The biggest challenge will likely be securing access to pre-trained models from developers across industry, academia, and government. In some cases, developers might be motivated to provide access by a desire to contribute to scientific progress, the prospect of external actors finding issues and ways to improve the model, or a belief that it might improve the organization’s reputation. The NAIRR could also create an expectation that models trained using NAIRR compute should be accessible through the platform. Access to particularly high-stakes government models in need of outside scrutiny could also potentially be mandated. Additionally, the NAIRR could consider incentivizing government agencies to provide API access to some of their more impactful models in exchange for access to compute resources or data (similar to a Stanford HAI proposal regarding data access).
Encouraging private actors to make their models accessible through the platform may be especially difficult. In some cases, companies may provide model access as a means to build trust with their consumers. They may recognize that the public will be far more trusting of claims concerning the safety, fairness, or positive impacts of their AI systems if these claims are vetted by outside researchers. For example, Facebook and Twitter have recently created APIs that allow outside researchers to scrutinize company data in a privacy-preserving manner. Further, the NAIRR could consider offering compensation to developers for making their models available via the API. Developers may also be particularly concerned about risks to intellectual property, something that can be assuaged by the NAIRR upholding high cybersecurity standards.
Crucially, the API should also be designed to thwart model misuse, while still ensuring easy access for research use.

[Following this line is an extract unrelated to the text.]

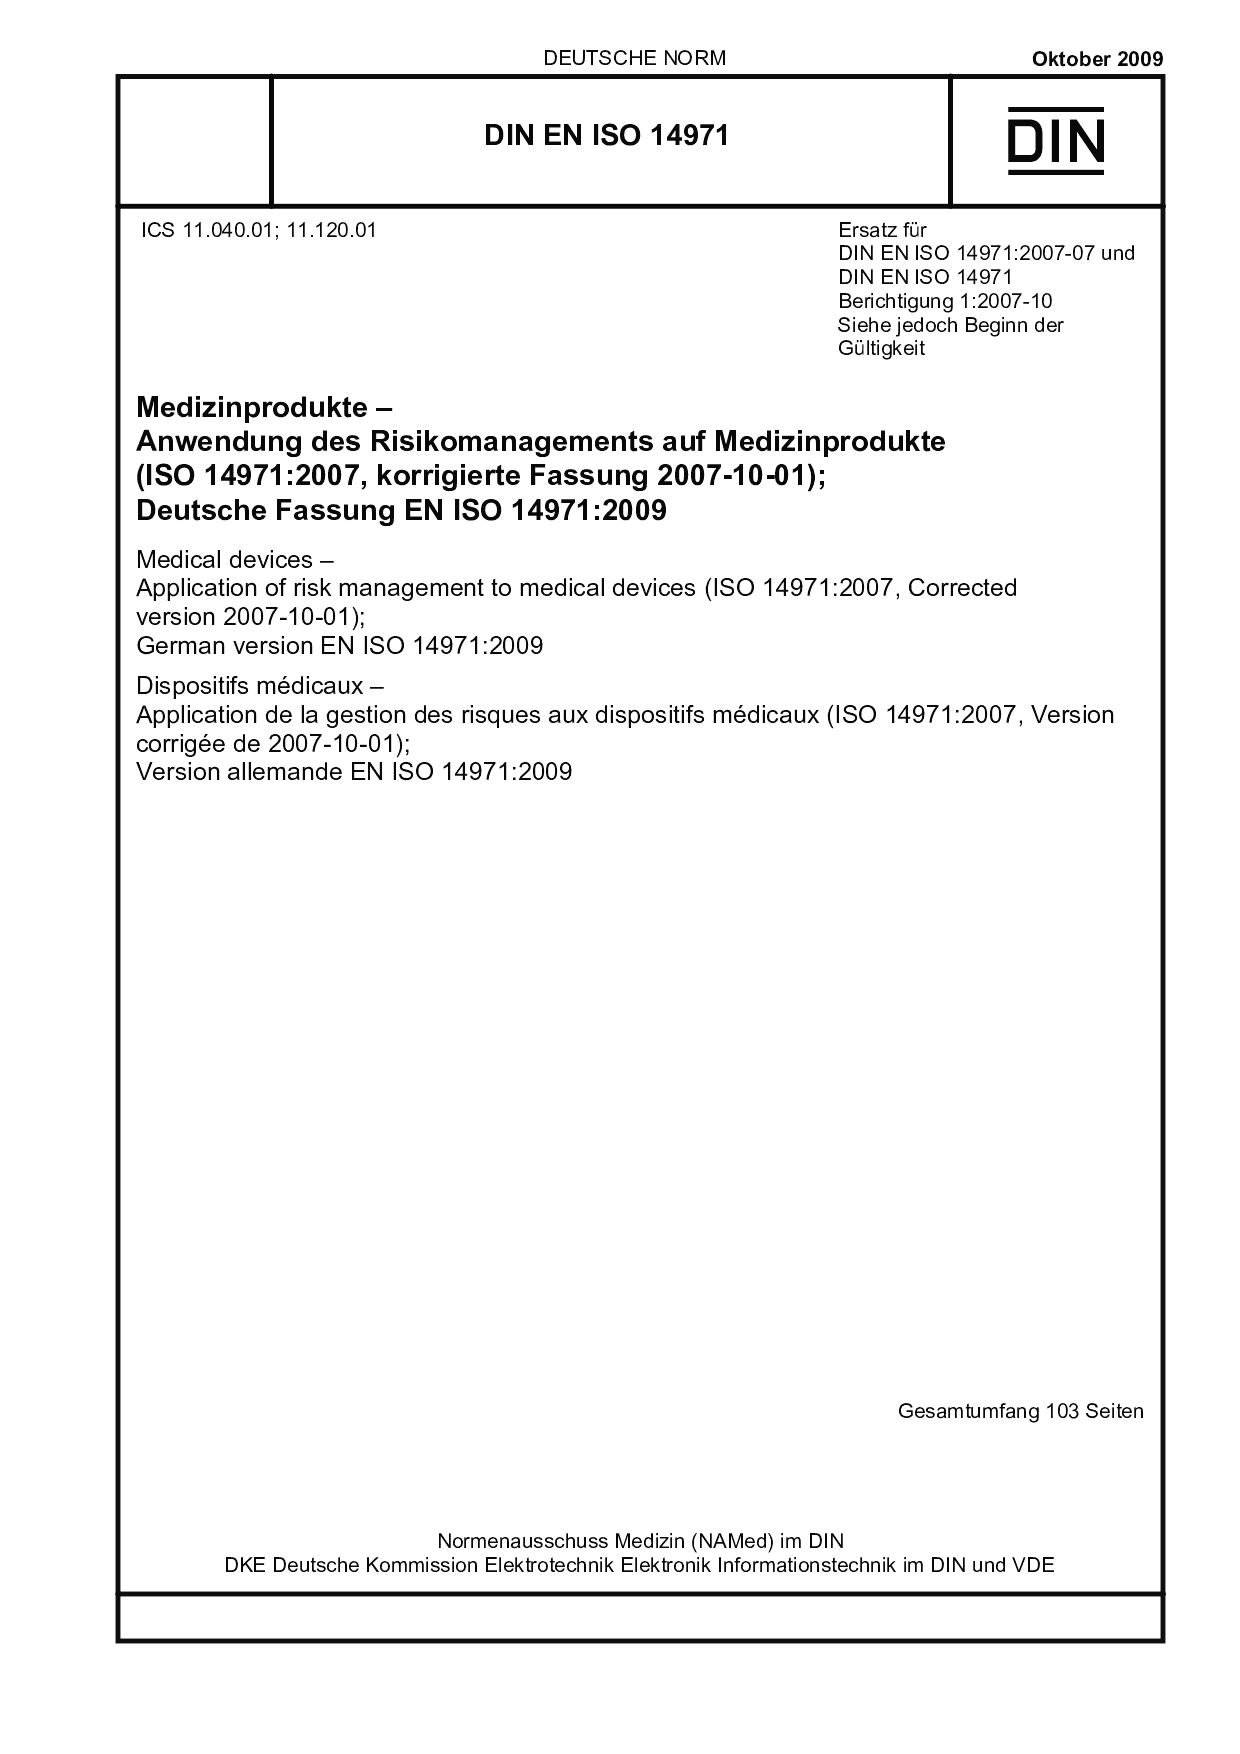 DIN EN ISO 14971:2009封面图

Multi-purpose models trained with NAIRR resources could be used maliciously, for instance by criminals, propagators of misinformation, or autocratic governments around the world. Large language models could, for example, significantly reduce the cost of large-scale misinformation campaigns. The NAIRR should take measures to avoid models trained with publicly funded compute being put to such uses. Misuse could be reduced by introducing a tiered access approach, as suggested in the Stanford HAI report for datasets hosted on the NAIRR. For instance, researchers might get easy access to most models but need to apply for access to models with high misuse potential. Further restrictions could then be placed on the queries or modifications that researchers are allowed to make to certain models. In addition, API usage should be monitored for suspicious activity (e.g. the generation of large amounts of political content).

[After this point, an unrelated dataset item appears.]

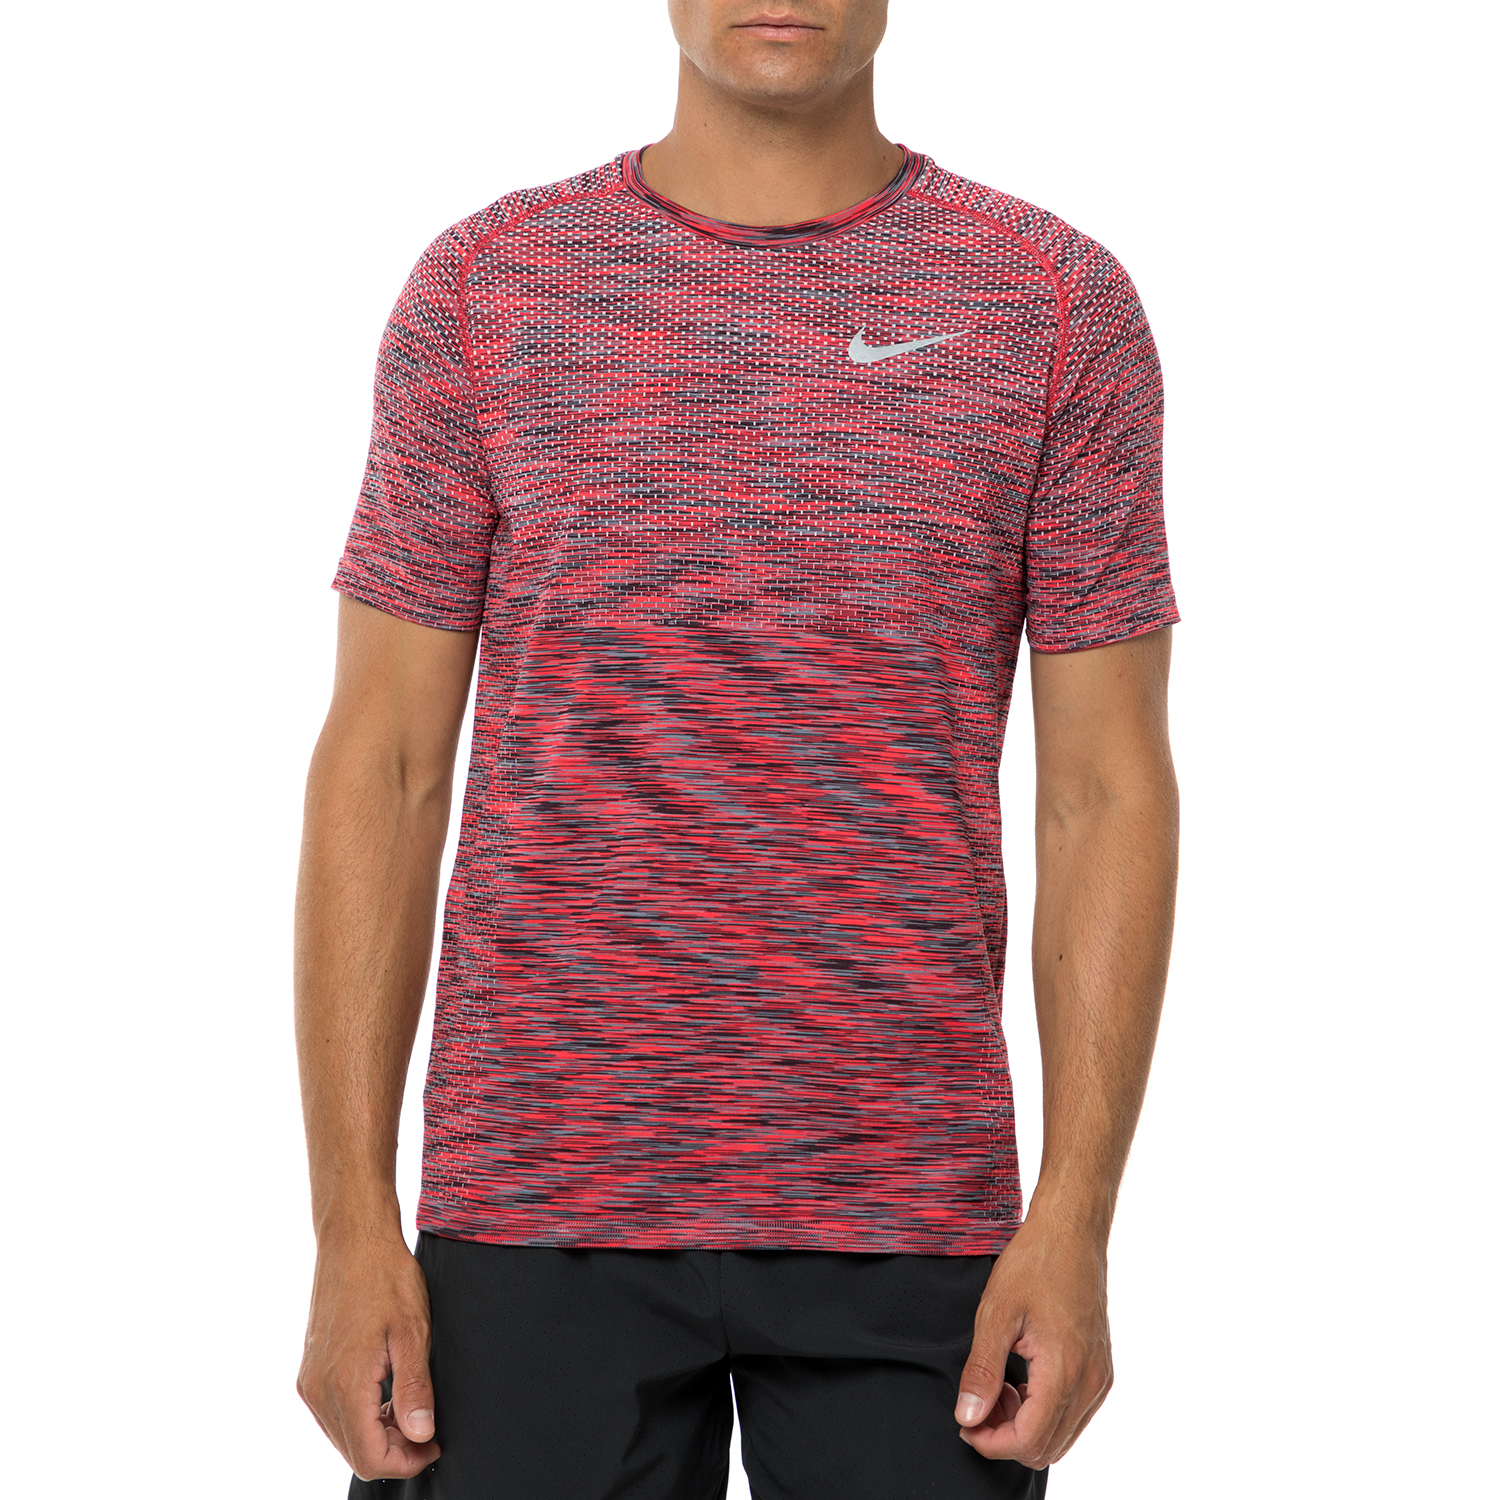 Ανδρικά/Ρούχα/Αθλητικά/T-shirt NIKE - Ανδρική αθλητική κοντομάνικη μπλούζα Nike DF KNIT κόκκινη-μαύρη

Helping academic researchers share their models
An appropriately designed API could also solve a challenge the NAIRR will face as it provides compute and data for the training of large-scale models: academic researchers will likely want to share and build on models developed with NAIRR resources. At the same time, open-sourcing the models may come with the risk of misuse in some cases. By building an API and agreeing to host models itself, the NAIRR can address this problem: it can make it easy for researchers to share their models in a way that is responsive to misuse concerns.
Academics are significantly more likely to voluntarily make their models available via the API than private developers of SOTA models with a profit motive. As such, the NAIRR could start by focusing on providing infrastructure for academic researchers to share their models with each other, thereby building a proof-of-concept, and later introducing additional measures to secure access to models produced in industry and across government.
Conclusion
By building API infrastructure to support access to large pre-trained models, the NAIRR could produce a number of benefits. First, it could help academics to scrutinize and understand the most capable and socially impactful AI models. Second, it could cost-effectively grant researchers and students the ability to work on frontier models. Third, it could help researchers to share and build upon each other’s models while also avoiding risks of misuse. Concretely, we recommend that the NAIRR:
- provides infrastructure that enables API-based research on large pre-trained models and guards against misuse;
- allows researchers to use their NAIRR compute budget to do research on models accessed through an API; and
- explores ways to incentivize technology companies, academic researchers, and government agencies to provide structured access to large pre-trained models through the API.
Appendix: Five factors underlying our prediction that pre-trained models accessed via APIs will become increasingly central to academic AI research
Training SOTA models requires large amounts of compute
Training a SOTA model often requires large amounts of computational resources. Since 2012, the computational resources for training SOTA models have been doubling every 5.7 months.
The final training run of AlphaGo Zero in 2017 is estimated to have cost $35M(4). GPT-3, a SOTA NLP model developed in 2020 that is accessible via an API, has been estimated to have cost around $4.6M to train.2 Gopher – a recent frontier NLP model developed in 2021 by DeepMind – already doubled the compute requirements, costing around $9.2M.(5) PaLM, a new SOTA NLP model from Google Research, is estimated to have cost between $9 and $17M to train. The training compute cost of developing the next SOTA NLP model will likely be even greater.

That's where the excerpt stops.